Medical research jobs involve completing research using different methods of biomedical research and development to possibly find a way to improve human health. Advancing knowledge of life processes can result in the advances the diagnosis, treatment, and prevention of many diseases. This could potentially lead to the creation new vaccines, drugs, and treatment procedures for medical conditions.

Medical research work requires at least a bachelor's degree in a biological science. Coursework will include chemistry, biology, mathematics, engineering, physics, and computer science. Once completed with their undergrad, a specialty is selected for their advanced degree such as bioinformatics, cytology, genomics, or pathology. The minimum advanced degree for a medical research job is a master's degree from a school of public health. Some jobs may call for a Ph.D or medical degree depending on the tasks and responsibilities for the position. For positions that involve administering drugs, employees must be licensed physicians having graduated from an accredited medical school, passed a licensing examination, and finished 1 to 7 years of graduate medical education.

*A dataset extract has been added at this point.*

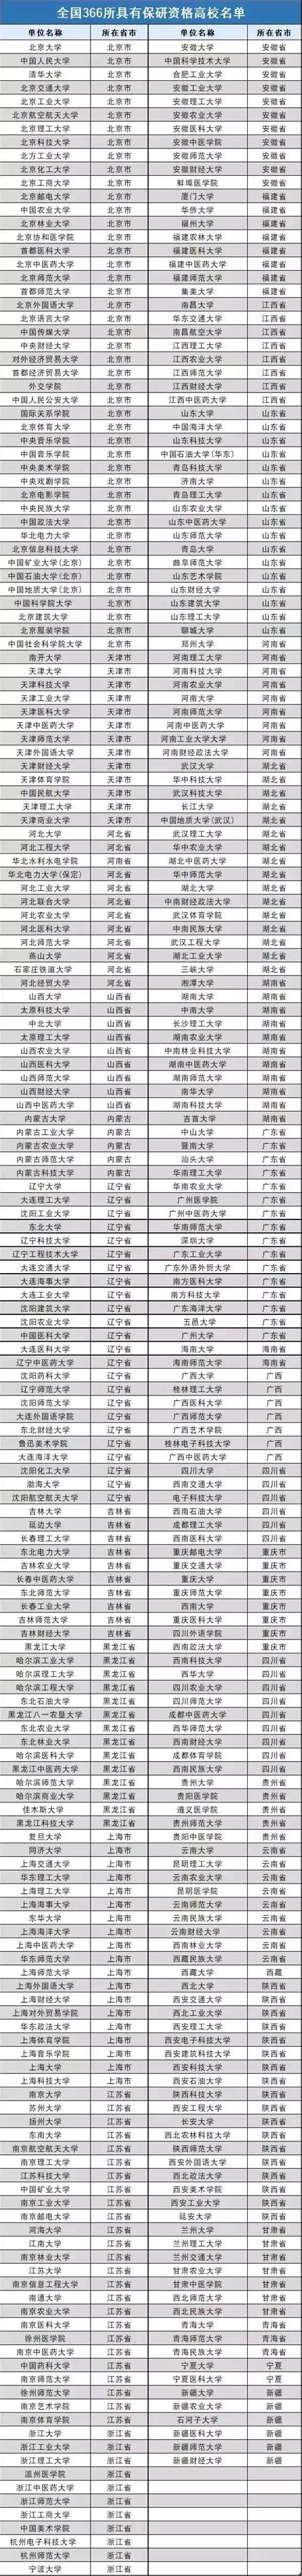 江苏师范大学美术学院2021年硕士推免生（保研）录取名单公示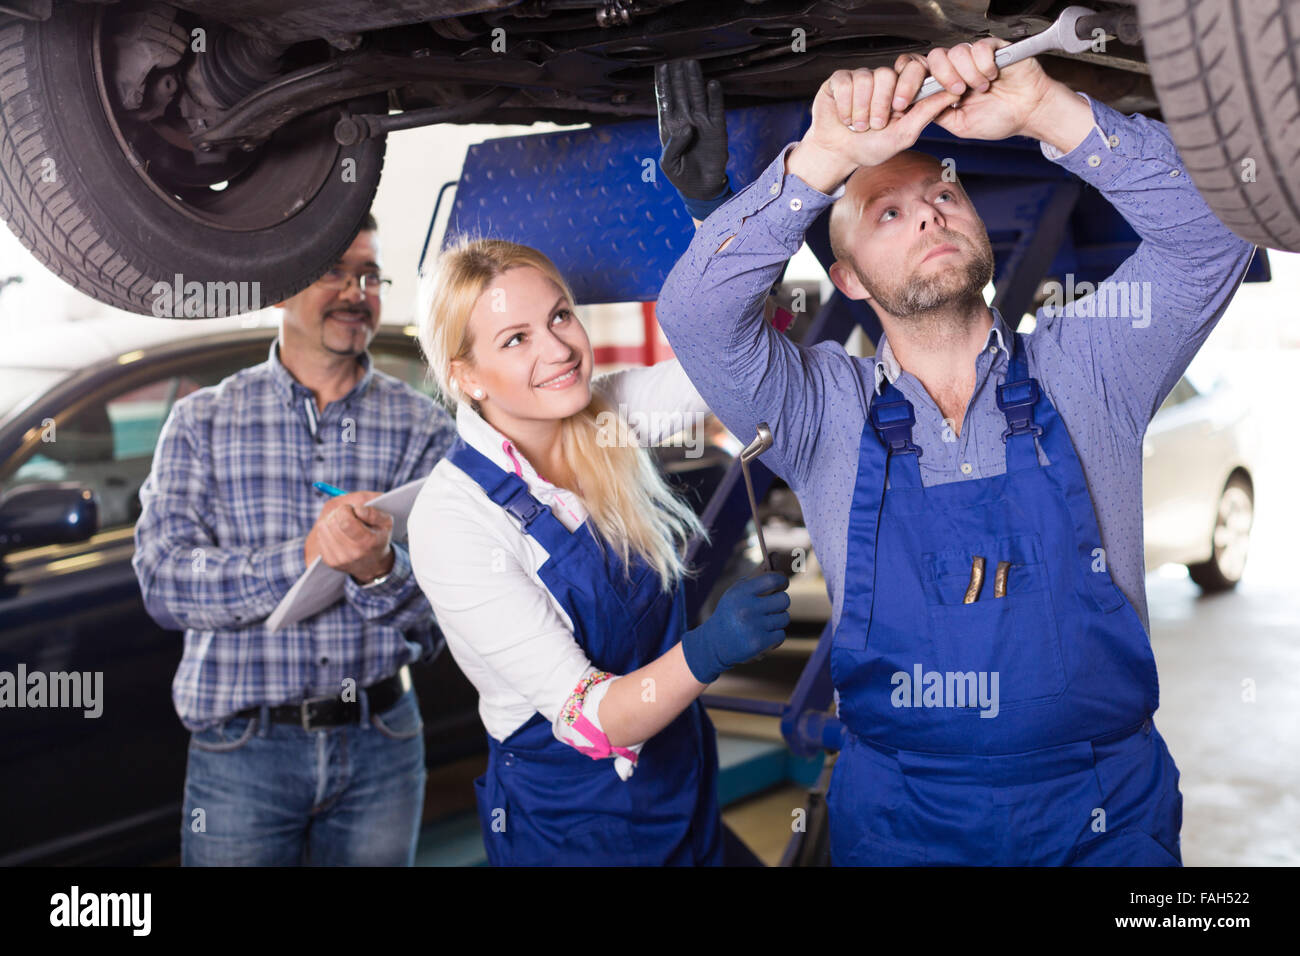 guapo-mecanico-y-ayudante-ruso-mujeres-trabajando-en-el-taller-de-reparacion-de-automoviles-fah522.jpg

Medical scientists had 92,000 jobs in 2006, with the majority employed in colleges and universities. According to the Bureau of Labor Statistics, medical research employment is projected to grow by 20 percent during the 2006 to 2016 period. This rate will be faster than the national employment average for all occupations and be due to Federal Government grants, expansions in research for particular health conditions, and workers transferring to other professions. Individuals looking for medical research jobs will face sizable competition although they will experience a significant amount of medical research career opportunities.